# what is best rest to shoot small diameter arrow



## 12sonly (Jan 6, 2007)

Shooting x impacts need to get vane clearance. Any suggestions?


----------



## Sasquech (Dec 15, 2014)

Hamskea drop away absolutely love it.


----------



## JawsDad (Dec 28, 2005)

Trophy Taker - Baldur Blade. Great combo.

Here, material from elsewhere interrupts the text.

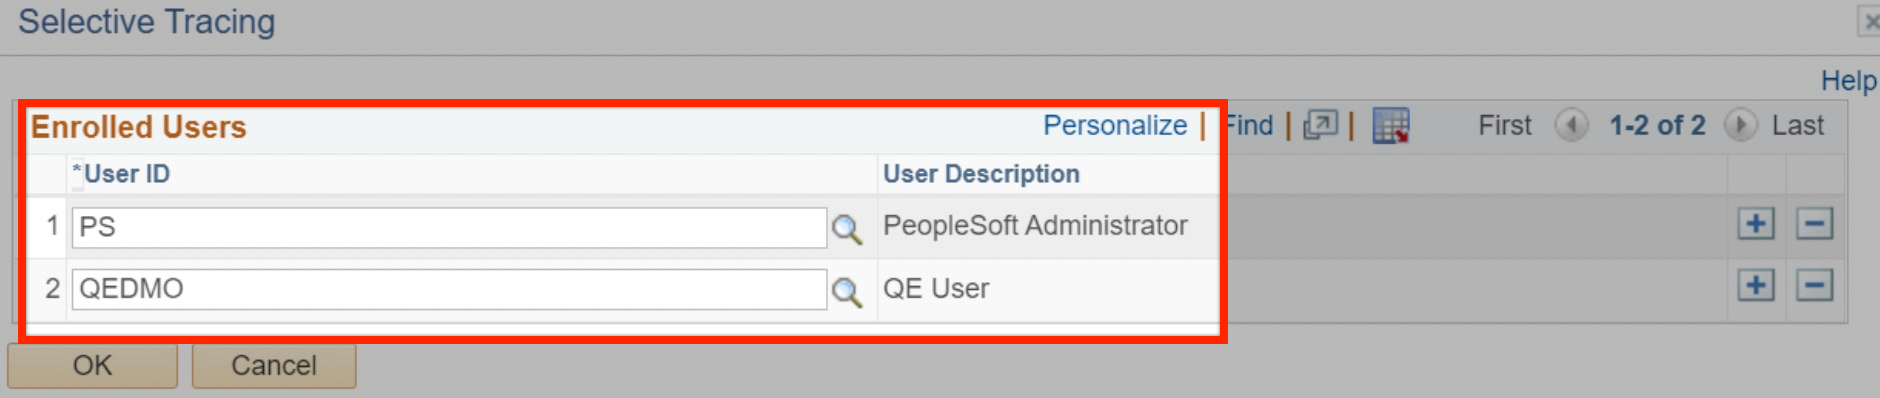 Enrolled users in selective tracing admin

http://www.lancasterarchery.com/trophy-taker-spring-steel-pro-rest-with-baldur-s-blade.html


----------



## wv hoyt man (Feb 17, 2012)

My vote would go to the Hamskea rest.


----------



## jdcamo (Sep 18, 2006)

Hamskea rocks


----------



## wolf44 (Mar 31, 2009)

hamskea


----------



## Brad Rega (Oct 31, 2002)

Brite site pro tuner. Just get the narrowest blade. Don't worry so much about vane clearance.


----------



## kballer1 (Aug 31, 2010)

DS Advantage Blade rest with a X-Narrow Launchtec Epoxy Composite blade.


----------



## bigHUN (Feb 5, 2006)

Beiter


----------



## HoytSmoyt (May 16, 2013)

hamskea


----------



## baller (Oct 4, 2006)

Aae pro blade or freak show with Freak blade


----------



## blade37defender (Jun 8, 2005)

Another one for Hamskea


----------



## RUDEONE (Jan 4, 2011)

Any blade !!!


----------



## Praeger (Jan 7, 2011)

AAE ProBlade with Freak rest. If you have trouble keeping the arrow on the blade, it's either nock pinch or you're over-bowed.


----------